1 pointby uulong3 hours ago1 comment
  • uulong2 hours ago
    The Problem: Everyone is using HNSW (graph indexes) for vector search. It works great for servers, but it introduces build-time latency, memory overhead (edges), and random access patterns that kill performance on consumer hardware.

    The Project: QingMing is a header-only C++ engine that implements exact brute-force search.
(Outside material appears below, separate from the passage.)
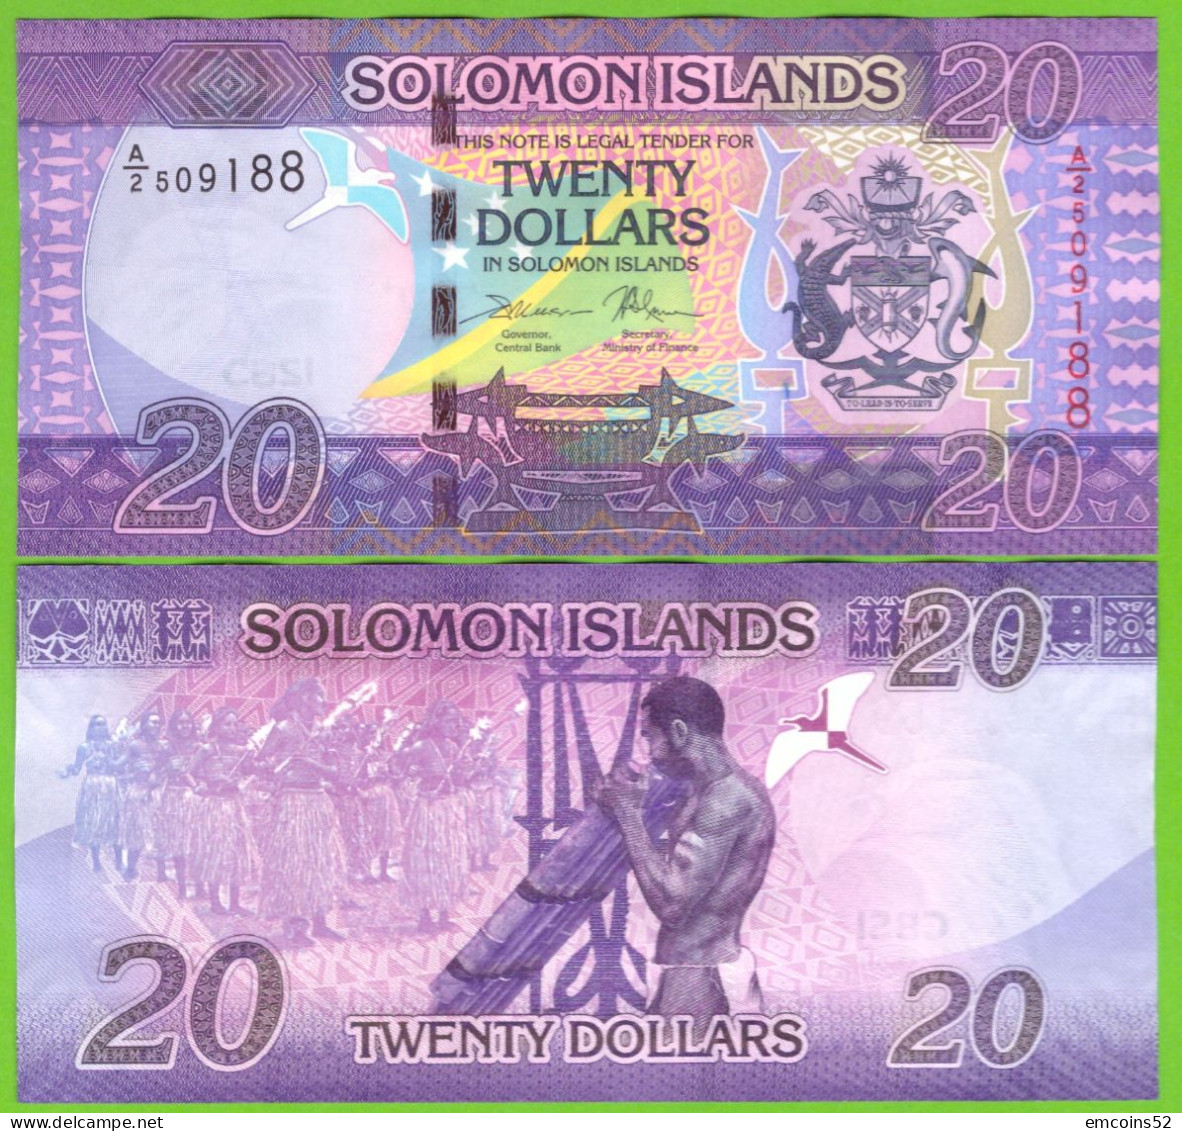 SOLOMON ISLANDS 20 DOLLARS 2017  P-34(1)  UNC - Salomons

Instead of pruning the search space, I optimized the memory access pattern to saturate the HBM/GDDR6 bandwidth of consumer GPUs.

    Benchmarks (Consumer Hardware):

      Desktop (NVIDIA RTX 5090D - 24GB)
      ---------------------------------
      Dataset:     SIFT-1M (128-dim)
      Recall:      99.2% @ 1 (FP32 variance), 100% @ 10
      Throughput:  9,354 QPS (Batch=10k)
      Latency:     ~5.5ms (P99)
      Build Time:  0 seconds
    
      Desktop (AMD Radeon 7900 XTX - 24GB)
      ------------------------------------
      Dataset:     SIFT-1M (128-dim)
      Recall:      99.2% @ 1, 100% @ 10
      Throughput:  6,275 QPS (Batch=10k)
      Latency:     ~11.2ms (P99)
      Note:        Running via HIP/ROCm 6.2 on Ubuntu
    
      Mobile (Snapdragon 8 Gen 5)
      ---------------------------
      Scenario:    100k Vectors (128d) for personal knowledge base
      Latency:     ~8ms per query
      Endurance:   Ran 10k consecutive queries with ZERO thermal throttling
                   (due to L3/System Cache residency optimization)
    
    Why use this? 1. Local RAG: Run high-quality retrieval on your gaming PC or phone. 2. Simplicity: No hyperparameters to tune (ef_search, M, nprobe). 3. Deterministic: No approximation errors for critical data.

    Happy to answer questions about the NEON/CUDA/HIP memory coalescing details!